Imagine you’re digging around your back yard—perhaps making a nice herb garden or digging posts for a deck—and you come across a rock along the way. That’s not too hard to imagine, since either of those activities are bound to turn up a large number of rocks, but perhaps you’re more prone to couch surfing than home improvement.
In any event, you find a rock.
Ever wonder how old that rock might be? Where it might have traveled? Perhaps, for example, it had been stepped on by a dinosaur once upon a time?
These musings become even more interesting if you happen to live in western Australia, particularly in the Jack Hills region. On the outcrops of that sparsely inhabited region of land, you might just come across tiny bits of rock that date back to a few hundred million years after the Earth was first formed. We’re talking rocks that are 4.4 billion years old.

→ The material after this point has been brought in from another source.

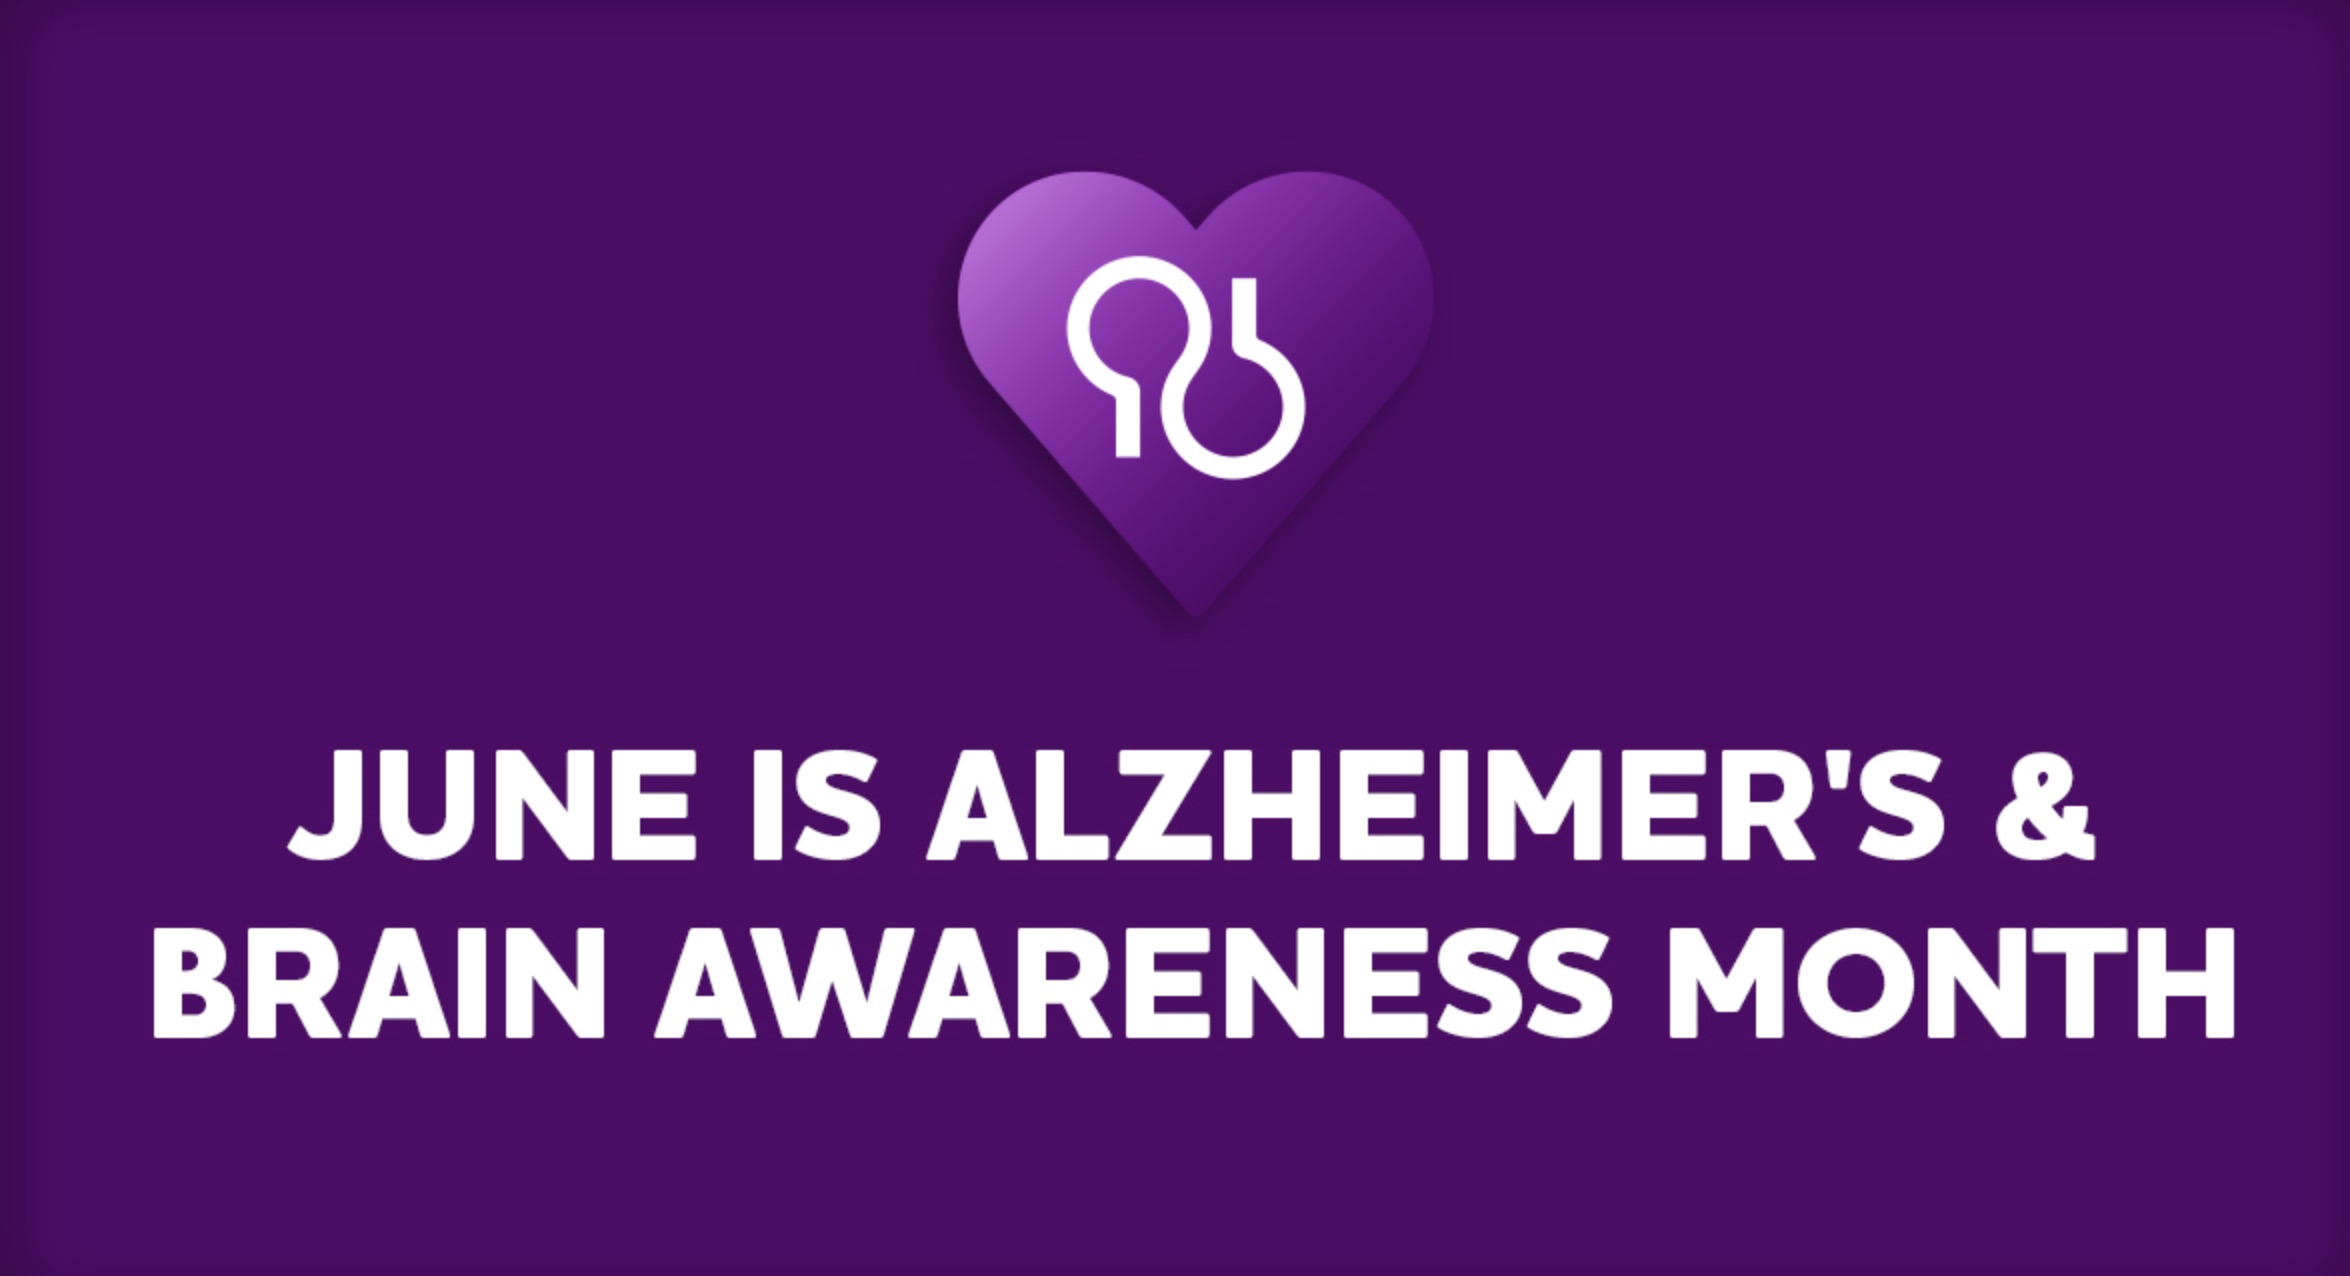 June is Alzheimer’s Awareness Month

That’s right, billion. With a B.
How do geologists come up with this number? Well, rather than relying on made-up texts, researchers look to the ratios of certain isotopes contained within the sample.

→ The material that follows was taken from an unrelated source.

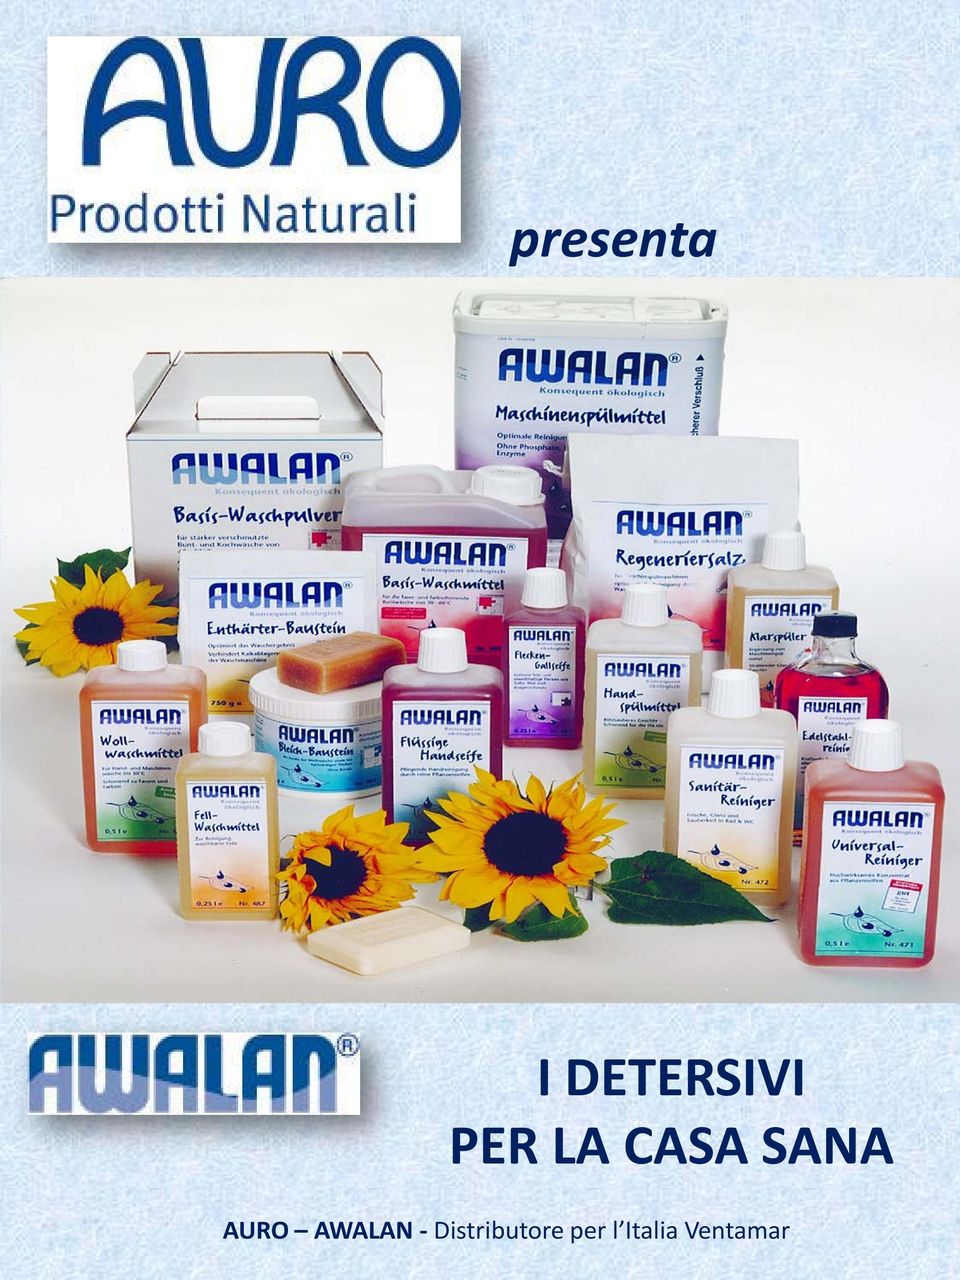 AWALAN - Distributore

Remember if you will that an isotope is an atom of an element—defined by that atom’s number of protons—that has a varying number of neutrons. For example, the most abundant form of carbon on Earth has eight protons and eight neutrons, but there are also forms of carbon found on earth that have eight protons and seven or six neutrons.

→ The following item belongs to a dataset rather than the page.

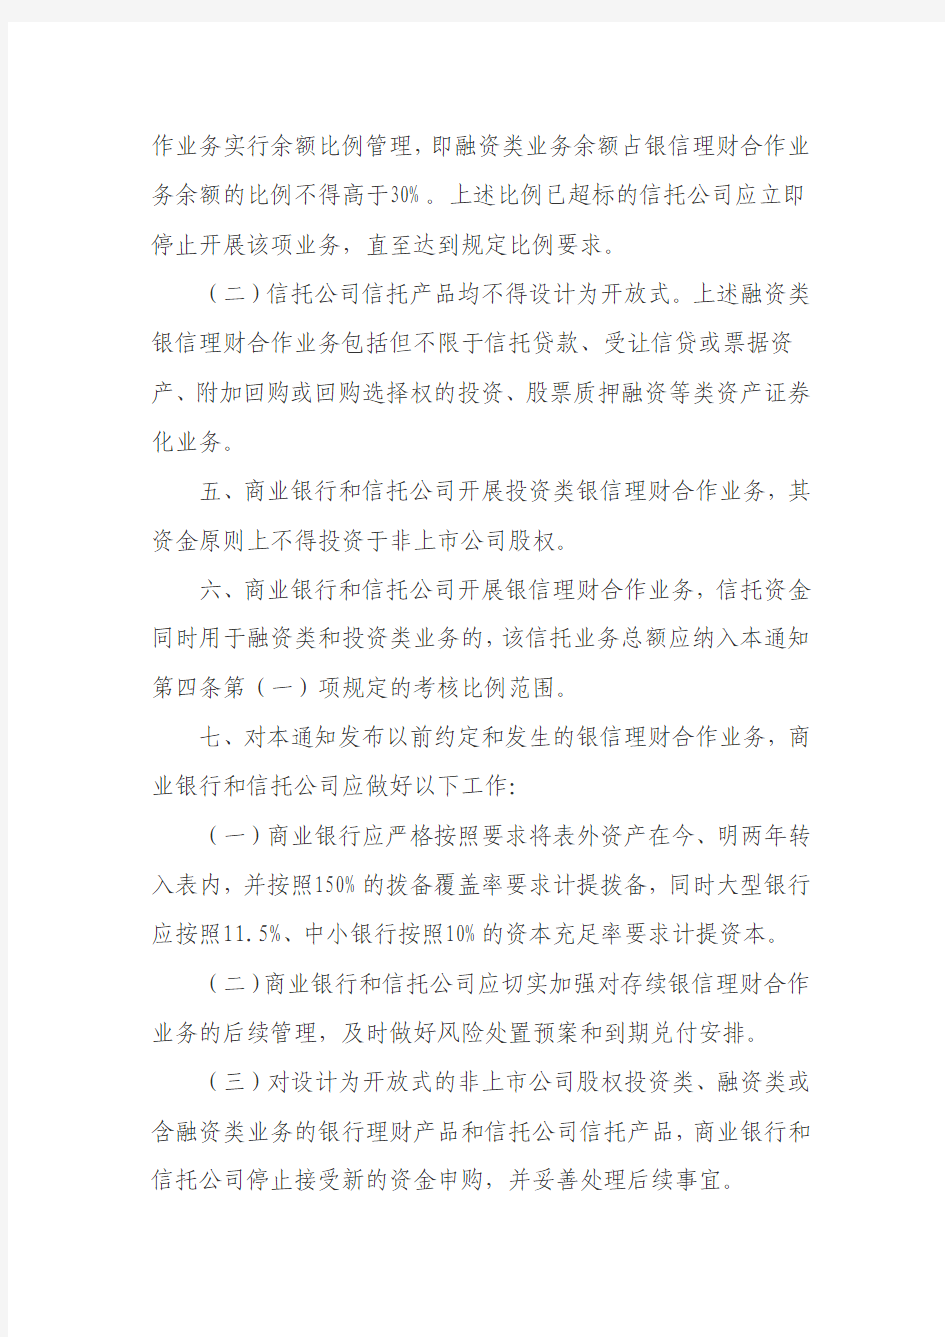 中国银监会关于规范银信理财合作业务有关事项的通知

When you get to really disparate numbers–like eight protons and two neutrons, for example–the atom becomes unstable. A proton might spontaneously turn into a neutron to even out the ratio, giving off bits of energy in the process.
That energy is also known as radiation.
Thanks to accelerators around the world that can create these unstable isotopes, scientists know which isotopes eventually turn into what stable atoms. They also know the likely paths they take to get there and how long it takes for this process to occur. So if you know how many original unstable isotopes there are, and you also know how many final stable atoms that have decayed there are, you can figure out how long its been since the sample had only the unstable isotopes—it’s first formation.
Researchers have done this with a few rare zircon rocks from the Jack Hills region, and discovered that the ratio of rare lead ions indicates that the rocks in question are at least 4.4 billion years old. But some people require more proof. What if the ratios got thrown off by atoms being added later in the rock’s life, for example?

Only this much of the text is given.